### Exercise
In the listing below, find the line with "DSC kit bag" and the line with "E-Trailer Safety while", then return them and every line between them exactly, minus the pictures.

### Source data
= Beginning of Section =

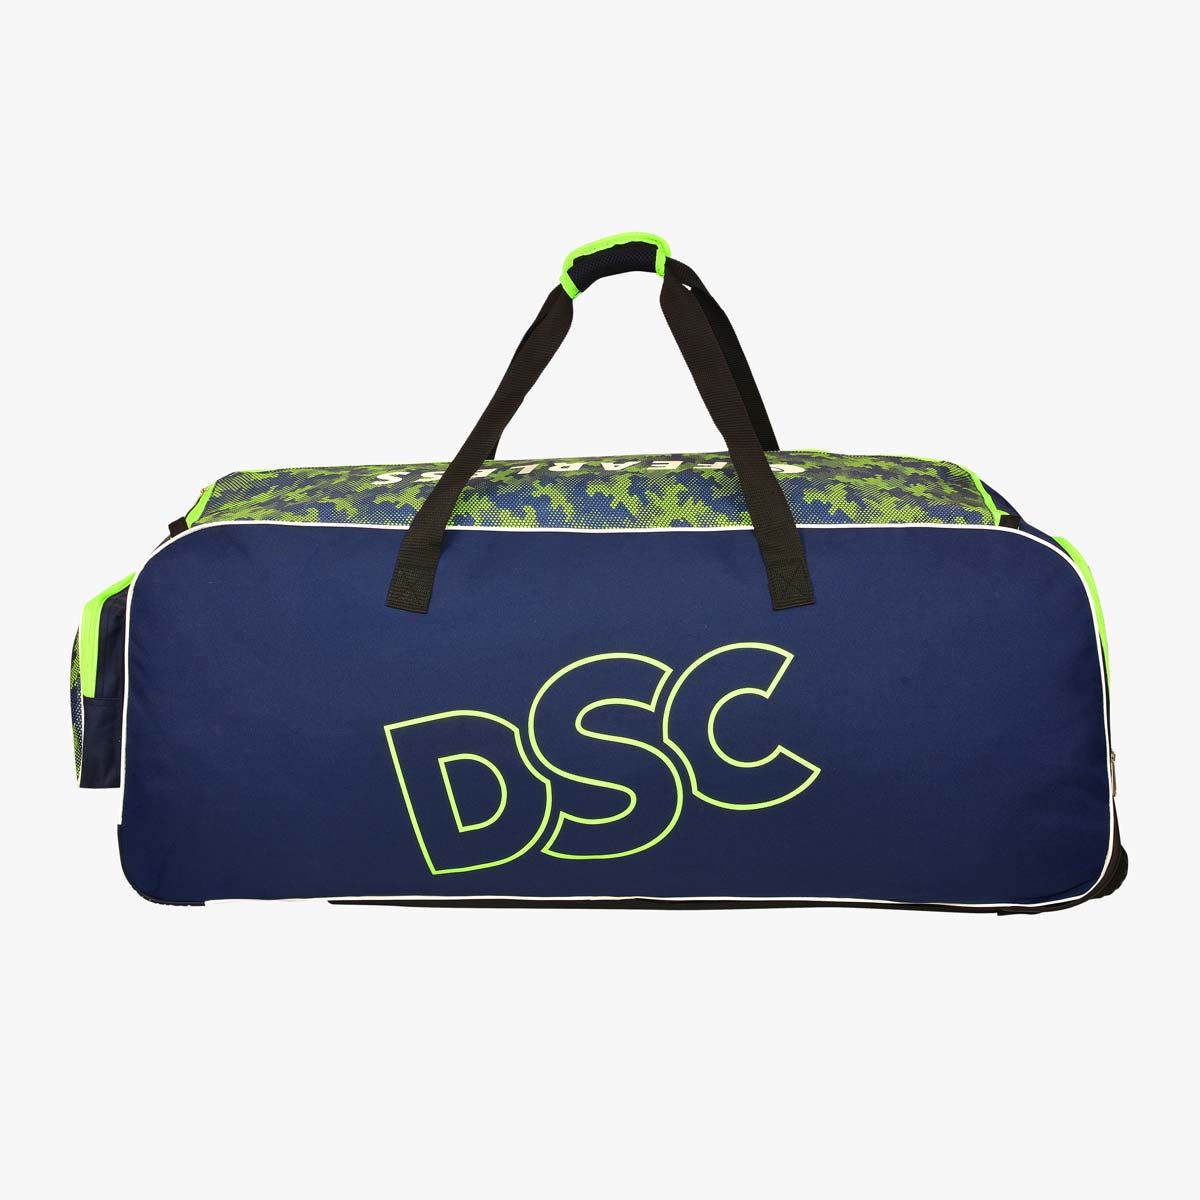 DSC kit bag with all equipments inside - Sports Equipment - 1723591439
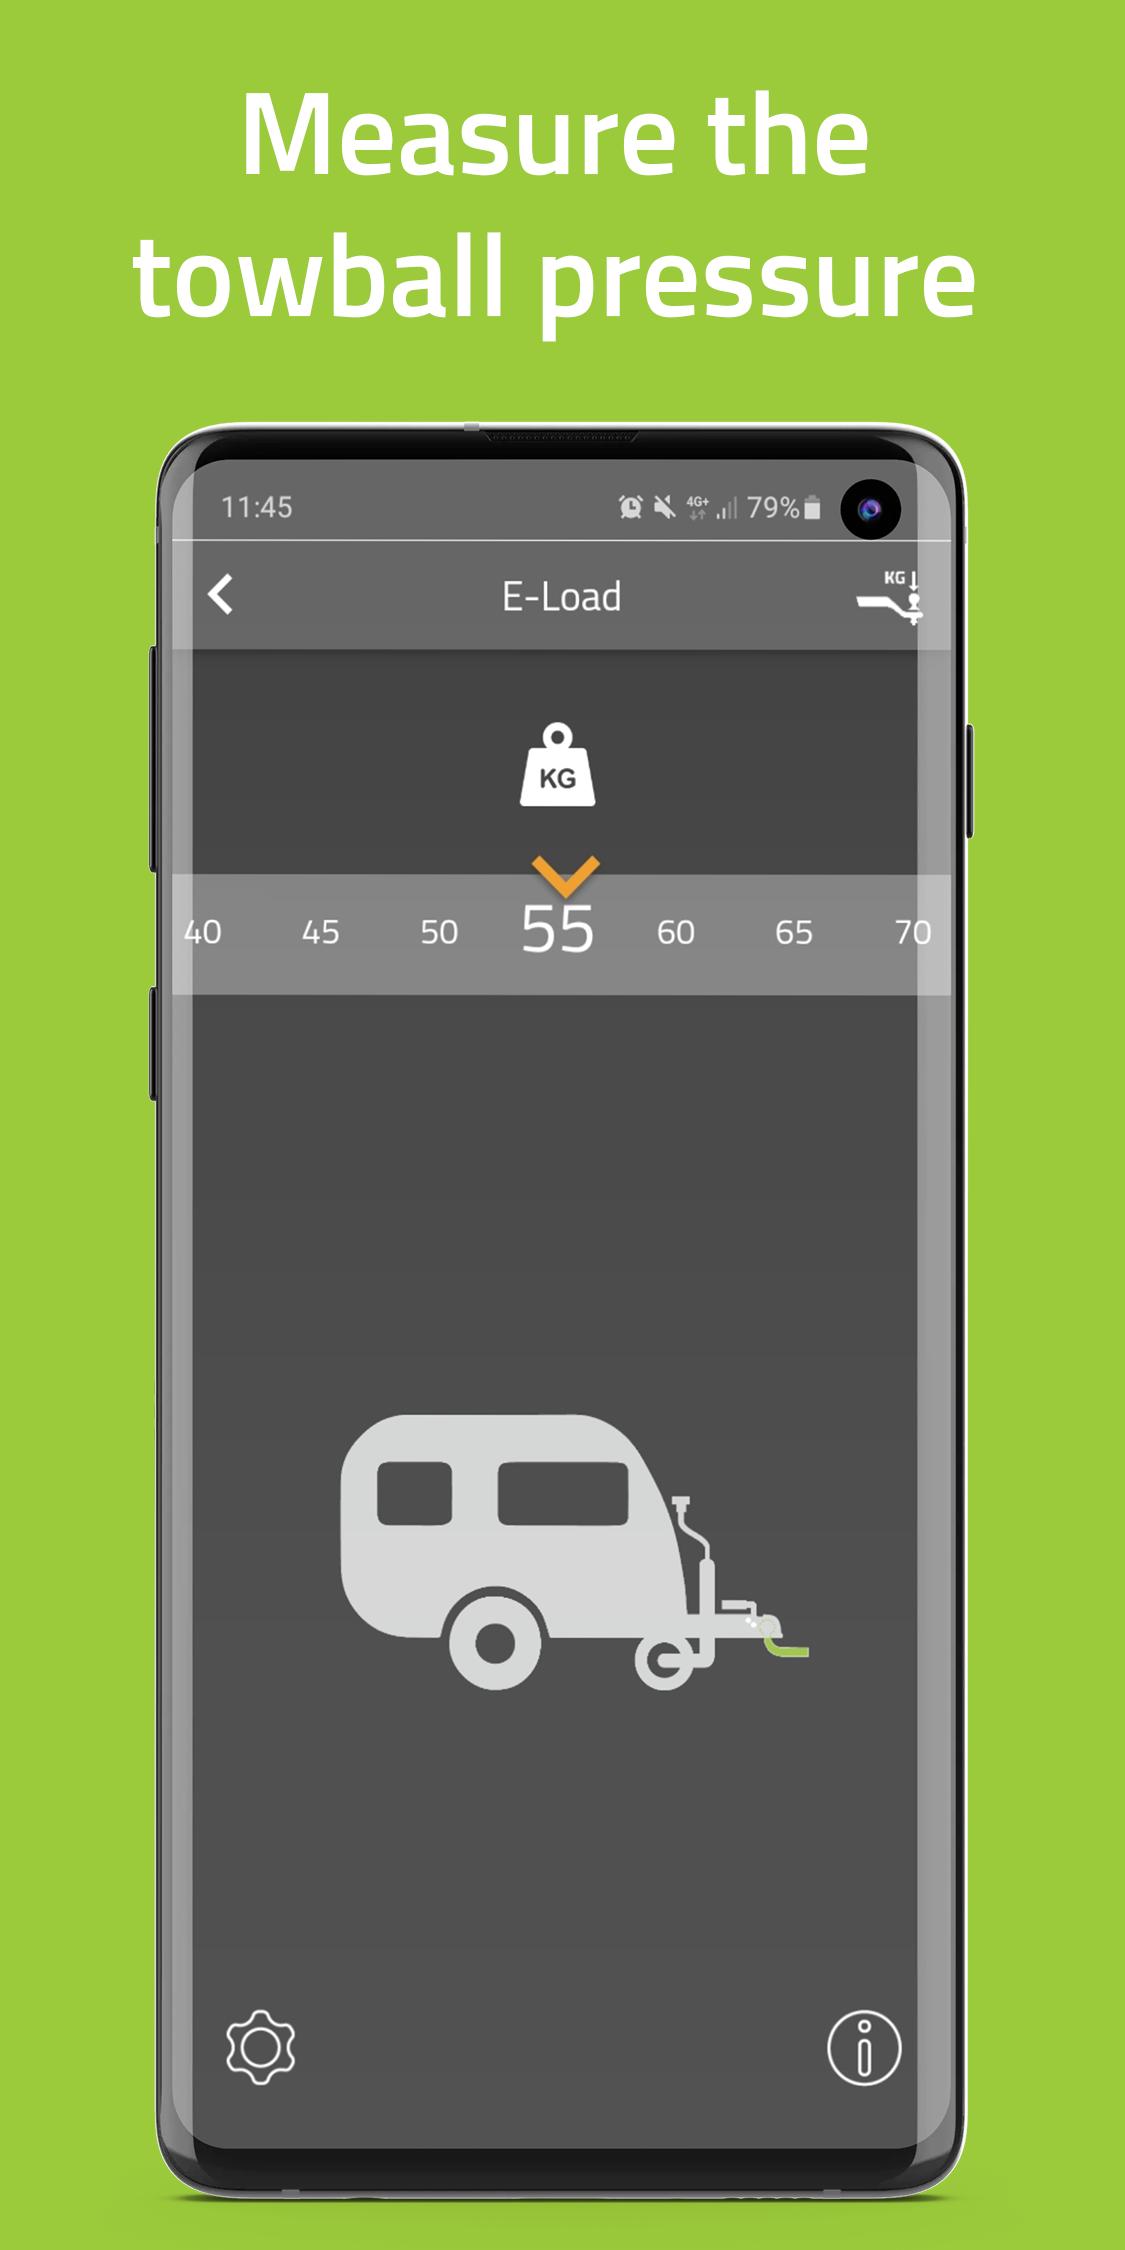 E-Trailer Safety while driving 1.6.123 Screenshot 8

= End of Section =
= Beginning of Section =

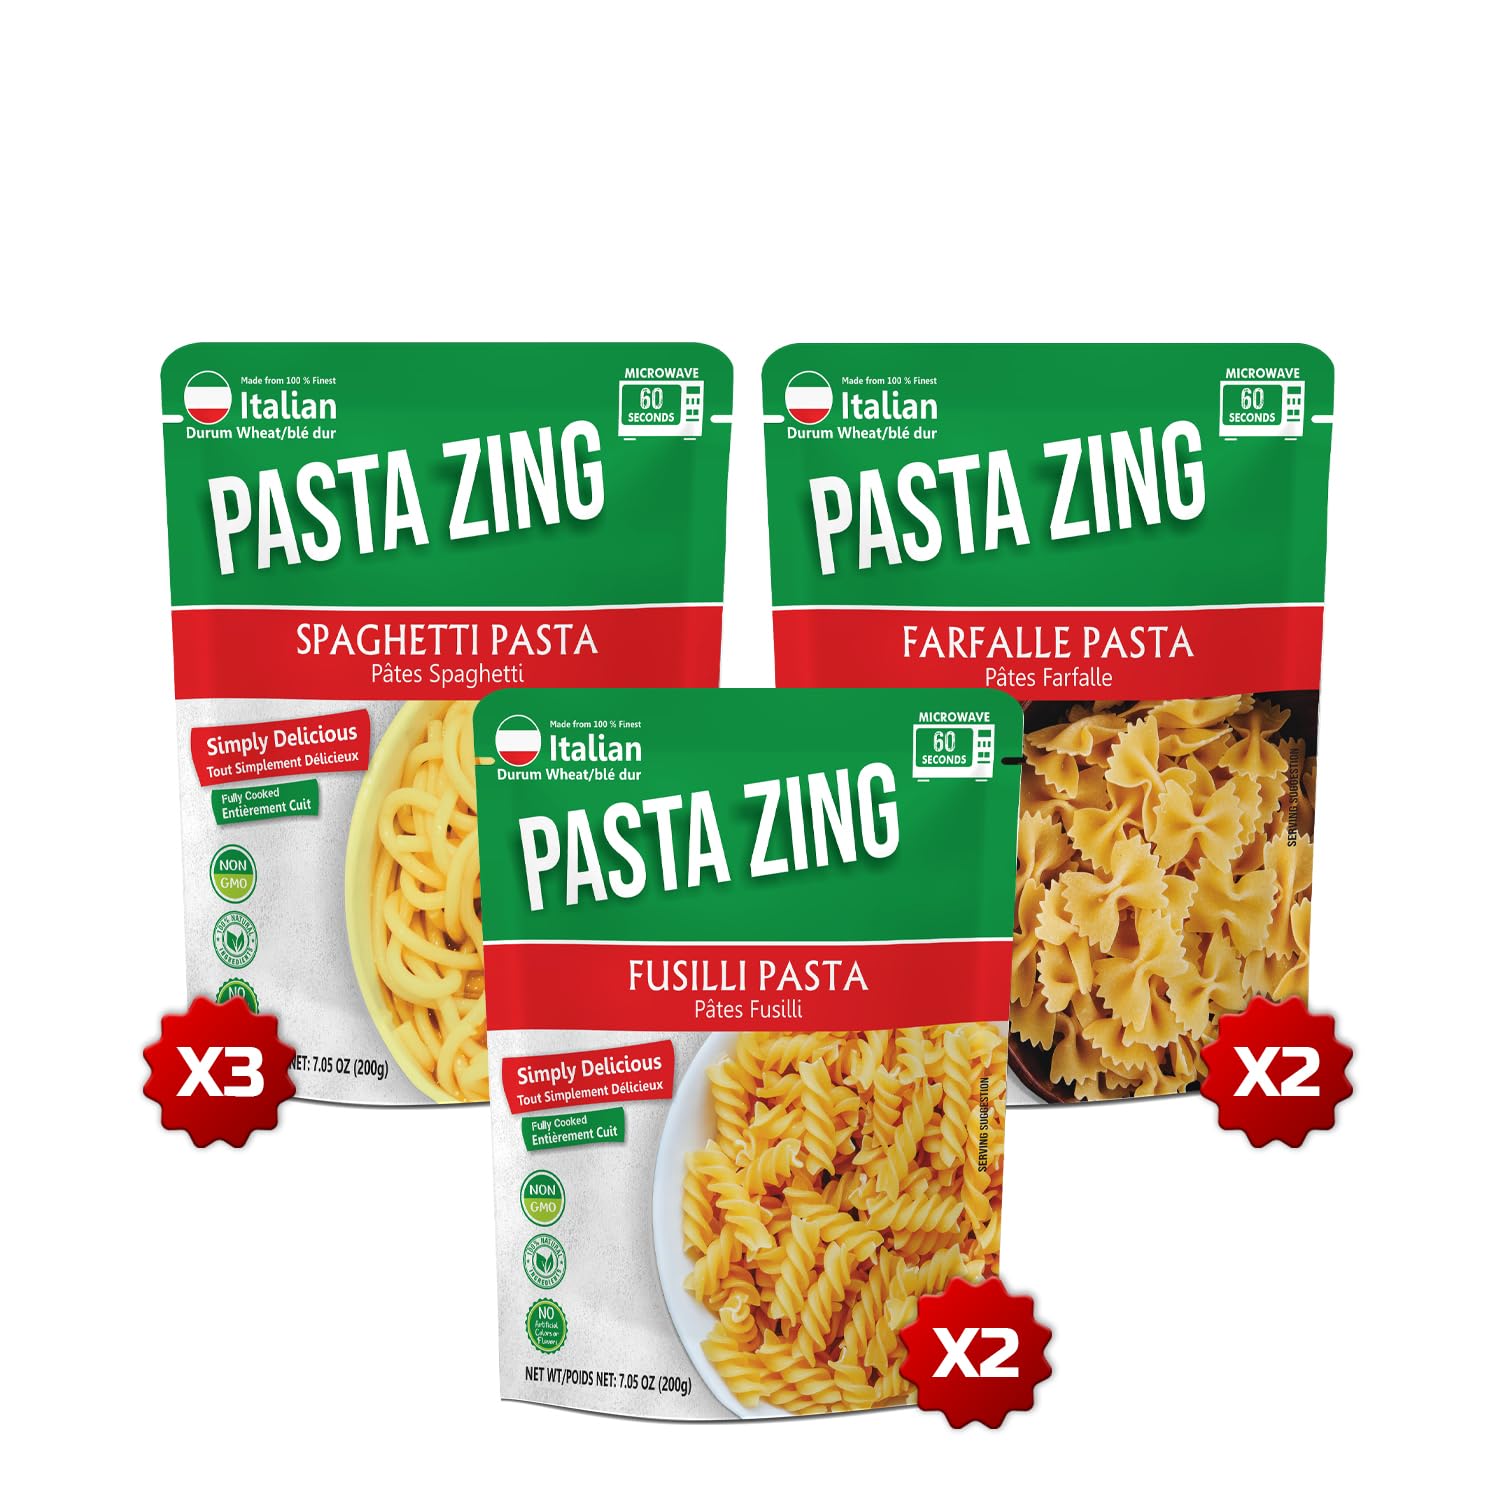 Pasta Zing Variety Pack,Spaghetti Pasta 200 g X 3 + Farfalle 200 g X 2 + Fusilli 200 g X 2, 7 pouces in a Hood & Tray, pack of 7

= End of Section =

### Output for this task
 DSC kit bag with all equipments inside - Sports Equipment - 1723591439
 E-Trailer Safety while driving 1.6.123 Screenshot 8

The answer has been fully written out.